VW and Ford set to collaborate on autonomous future
In a world in which we no longer drive ourselves, where our cars are more like trains, will we need so many different brands to choose between? Can they all survive, or will the big marques fold into one another, leaving just a few giant players standing?
Bloomberg has reported that talks between the two companies over the plan, after initially stalling, are now progressing well, with the breakthrough being a possible framework that would allow VW to work with and invest in Argo AI, the Ford-backed self-driving-car start-up.
While the talks are high level and private, sources have been leaking the news that the two companies have discussed a valuation for the joint company of $US4 billion.
Officially, a VW spokesman told Bloomberg his company is in “constructive talks” with Ford, while a spokeswoman for the American giant said discussions were ongoing and had been productive.
The deal would build on an agreement signed between the two in January to build commercial vehicles together. What price an eventual merger?
At the very least, a joint venture on autonomous tech between the world’s largest car company and Ford would create a seemingly unbeatable colossus in the race to dominate the self-driving market, dwarfing even Google/Alphabet’s Waymo, and GM’s Cruise unit.
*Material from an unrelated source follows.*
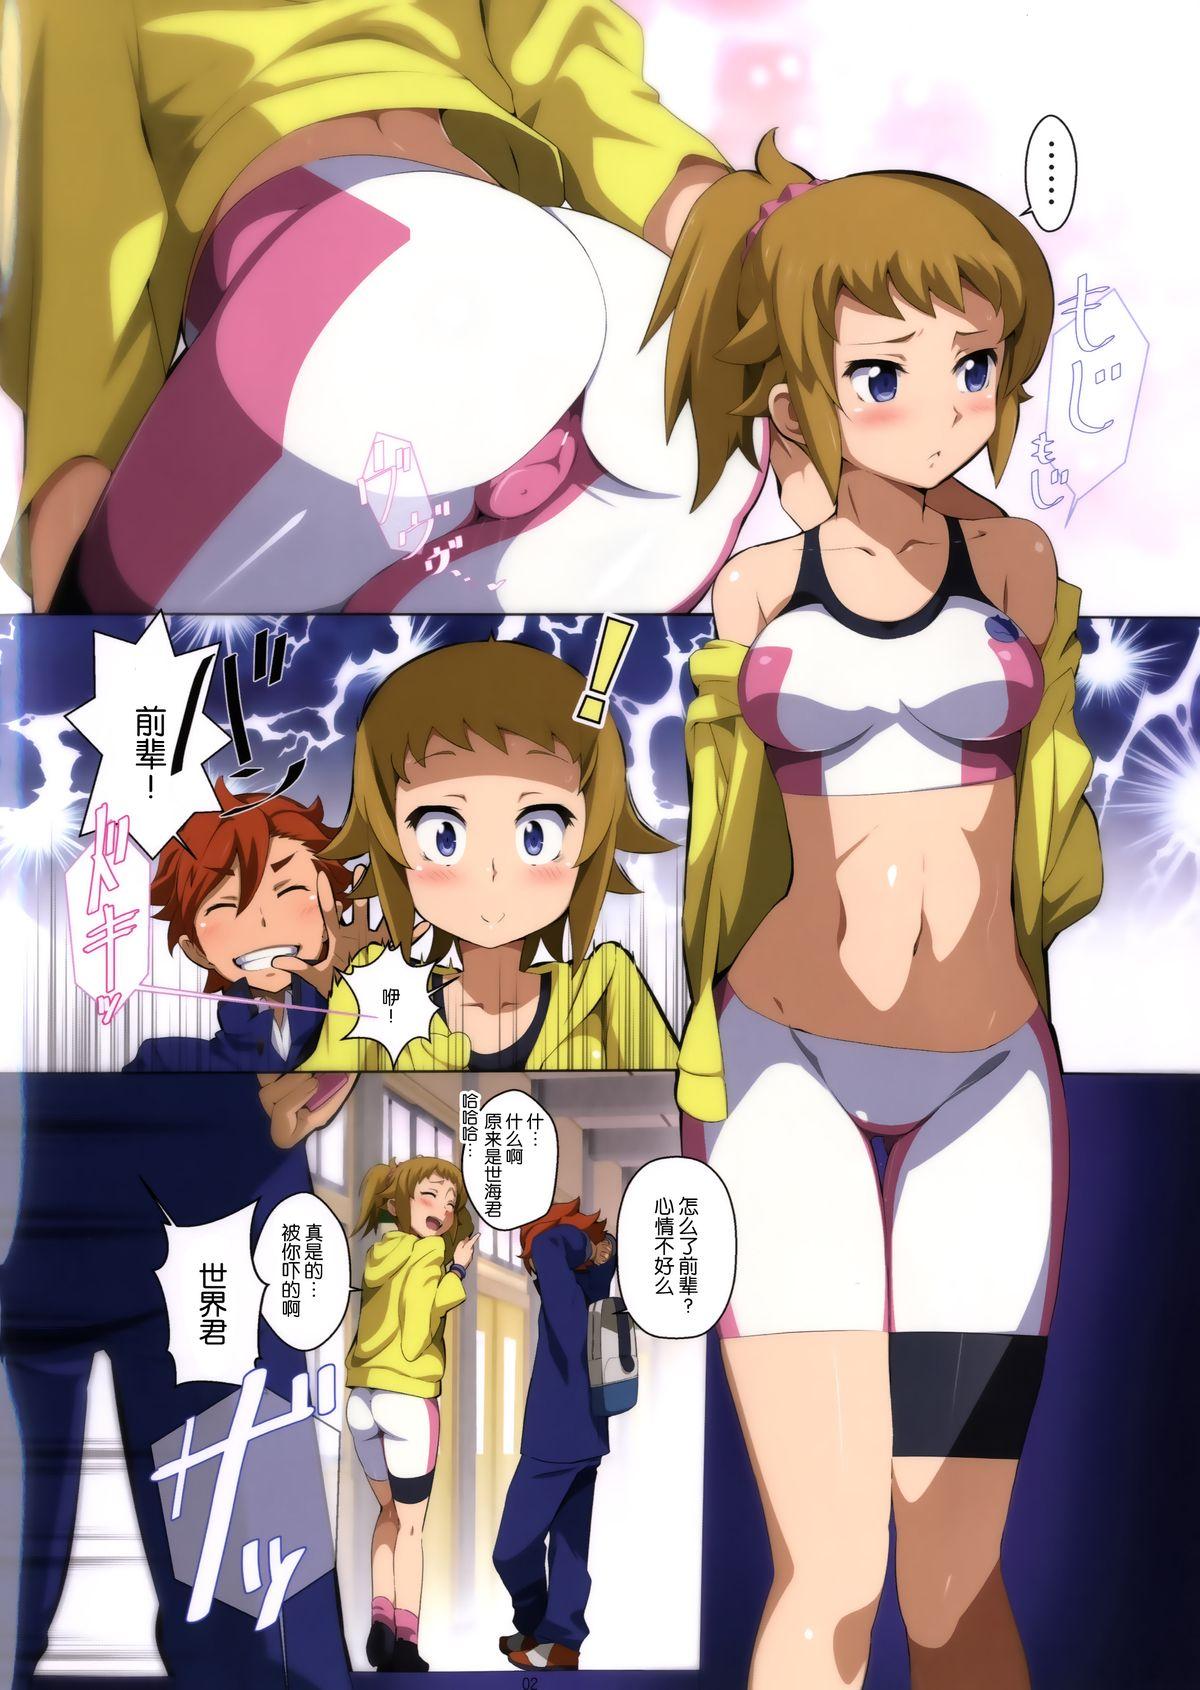 Escort BATTLE END FUMINA - Gundam build fighters try Rimjob - Page 3

Ford CEO Jim Hackett has already said he believes the market will one day be worth $US10 trillion. This really could be the future of everything, and not every company will get there.
“There’s not going to be 10 winners in this space when we look back,” Hackett has said. “There’s going to be a few, and we plan on being one of them.”
While Ford would bring the self-driving software it has been developing to the table - which would then be equally owned by the two companies - VW will being its electric-vehicle technology to the bargain, creating a formidable combination of IP.
“The fact is, nobody can go it alone,” said industry analyst Michelle Krebs.
“These are very expensive ventures with tremendous technological challenges. And the business challenge is just as difficult.”